Everything from the line holding "Tamiya - Lunch" through the last line of the data, and nothing else, should be retyped exactly, with no pictures.

__Dataset extract__
# # # #
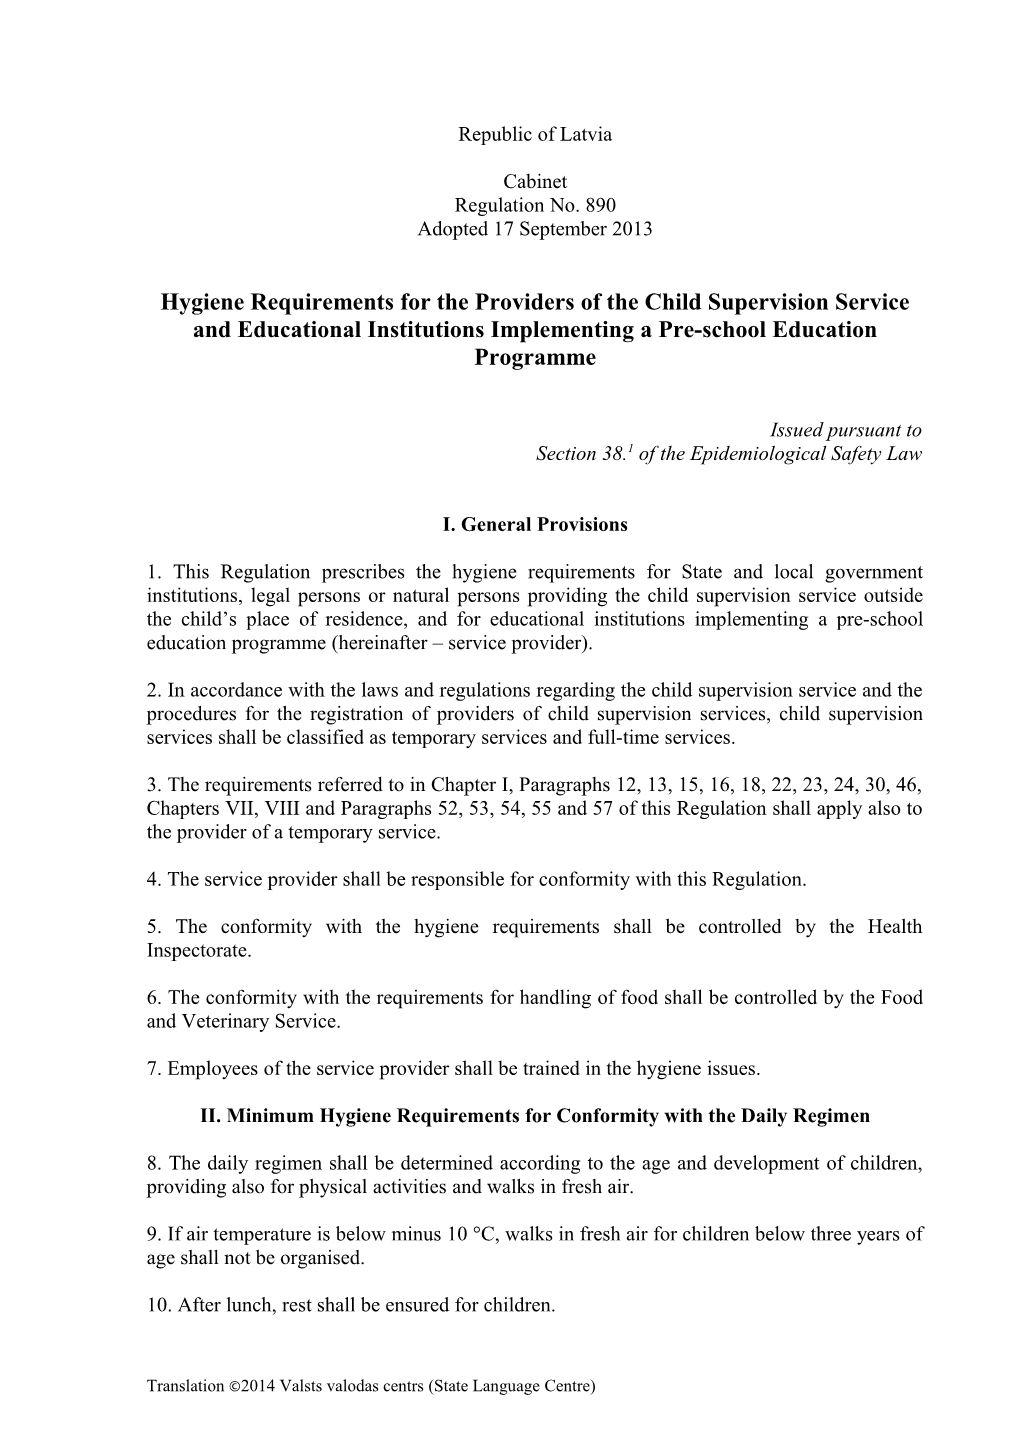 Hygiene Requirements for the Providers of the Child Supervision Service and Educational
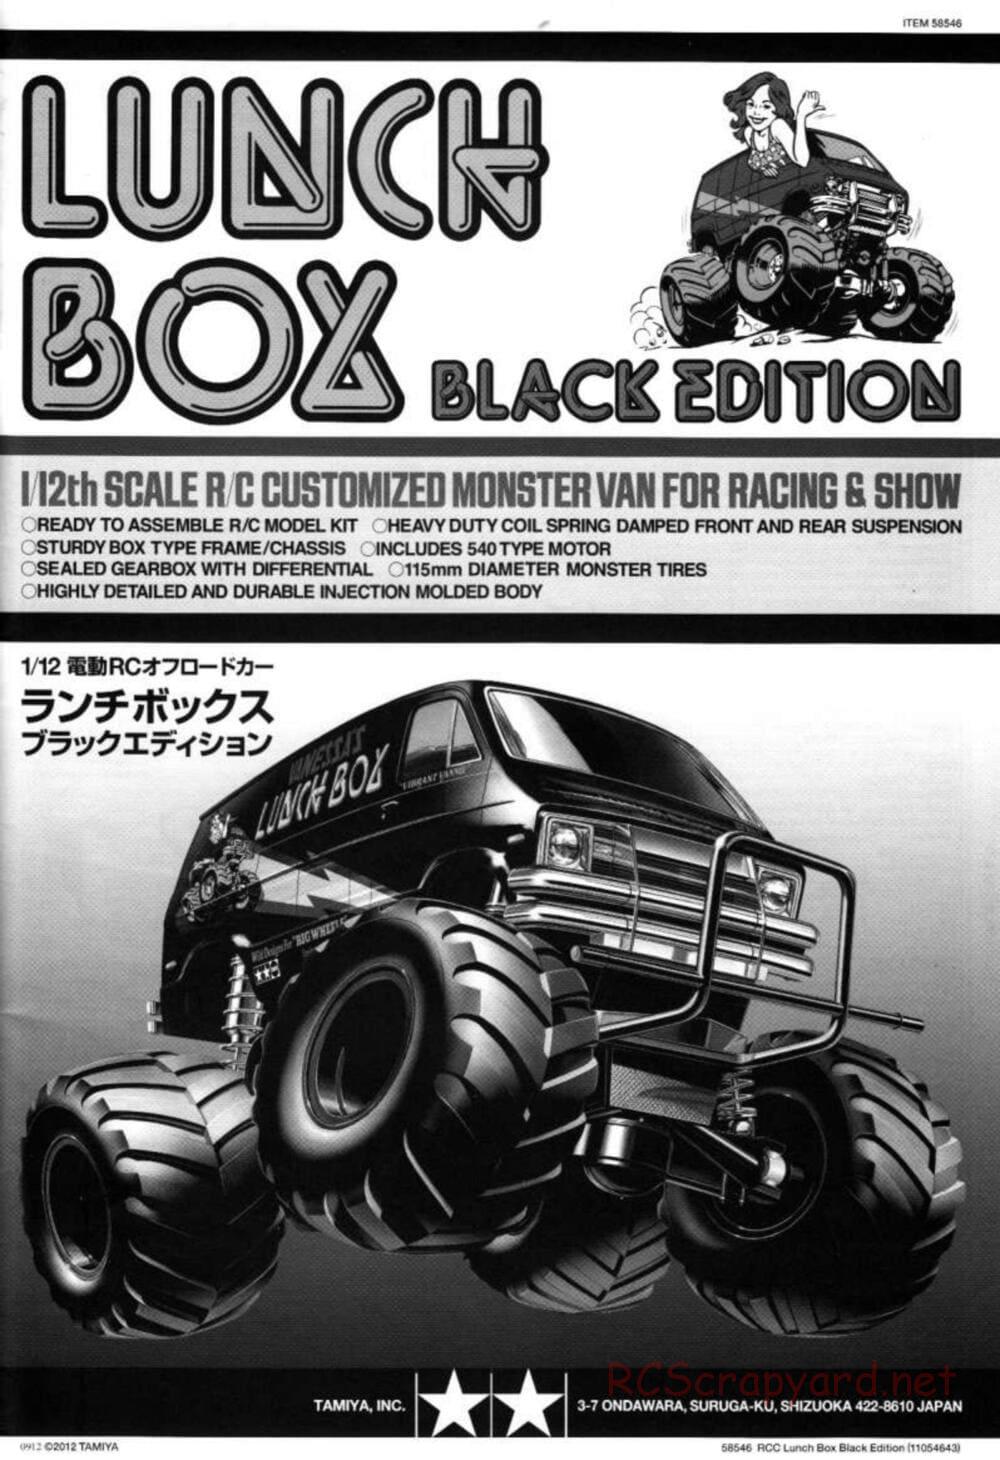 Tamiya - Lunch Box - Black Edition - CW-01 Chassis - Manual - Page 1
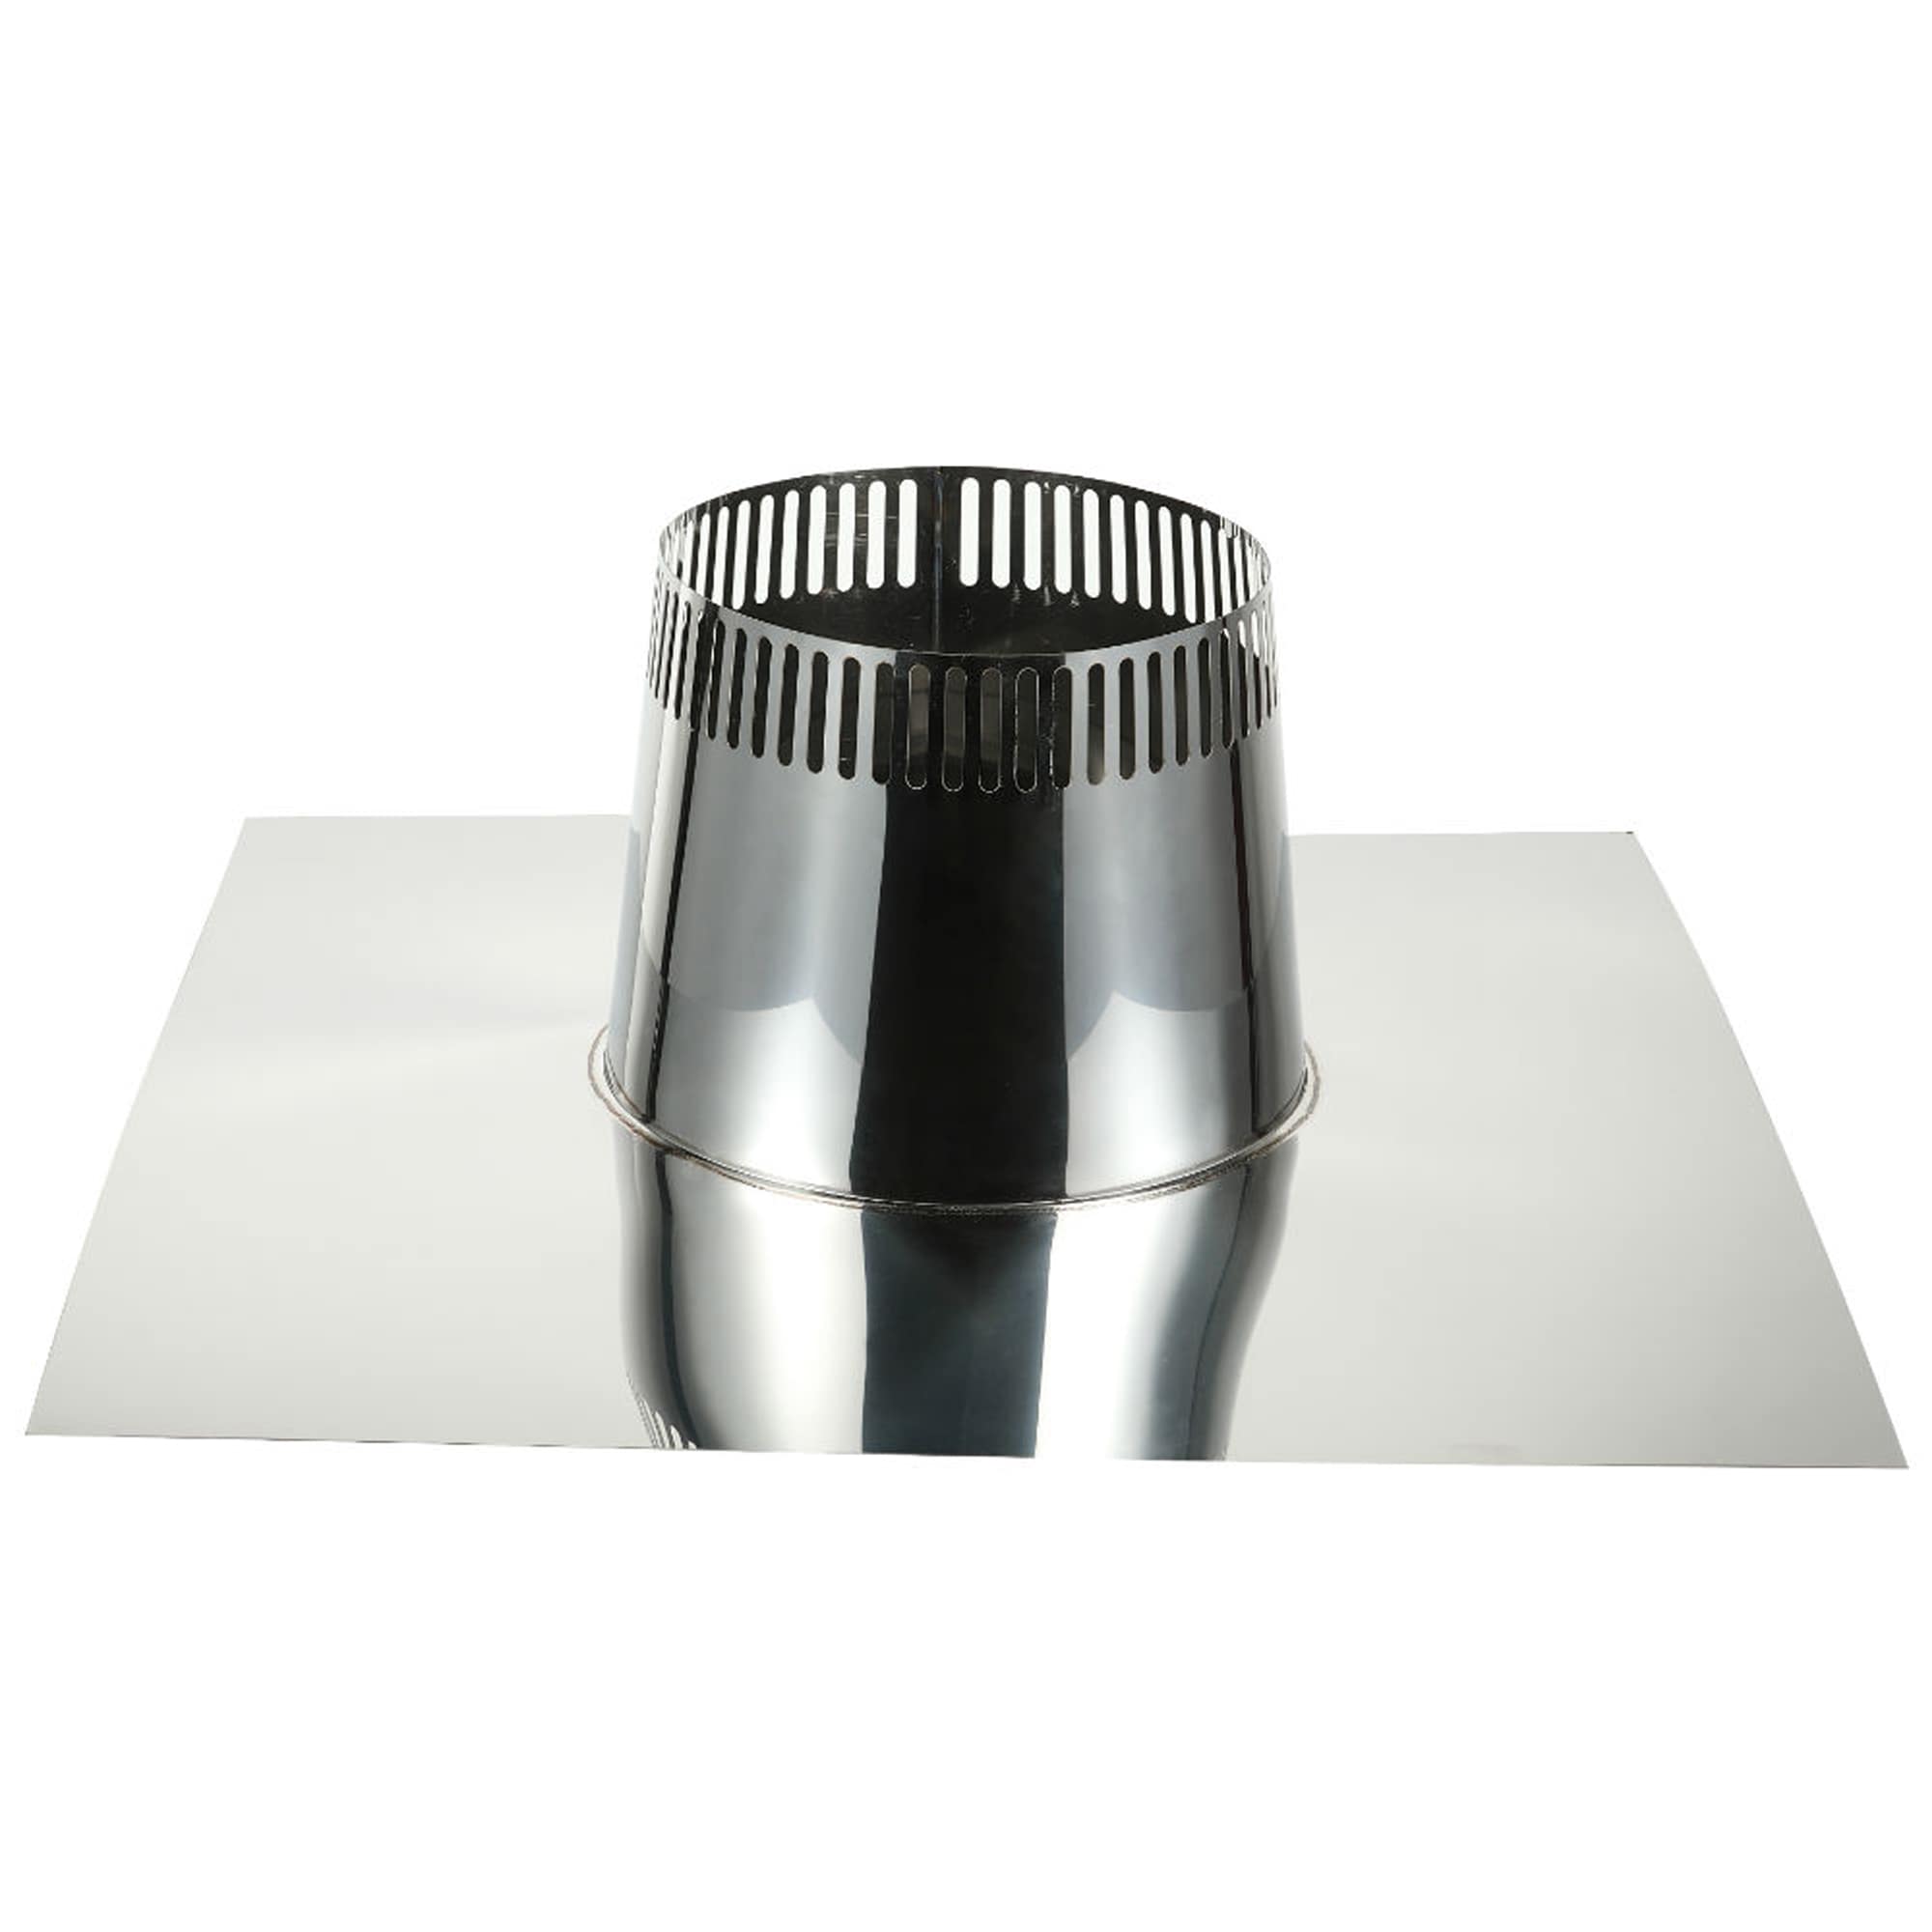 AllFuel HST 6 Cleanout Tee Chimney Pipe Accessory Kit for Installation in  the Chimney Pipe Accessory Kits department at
# # # #
__Exercise answer__
 Tamiya - Lunch Box - Black Edition - CW-01 Chassis - Manual - Page 1
 AllFuel HST 6 Cleanout Tee Chimney Pipe Accessory Kit for Installation in  the Chimney Pipe Accessory Kits department at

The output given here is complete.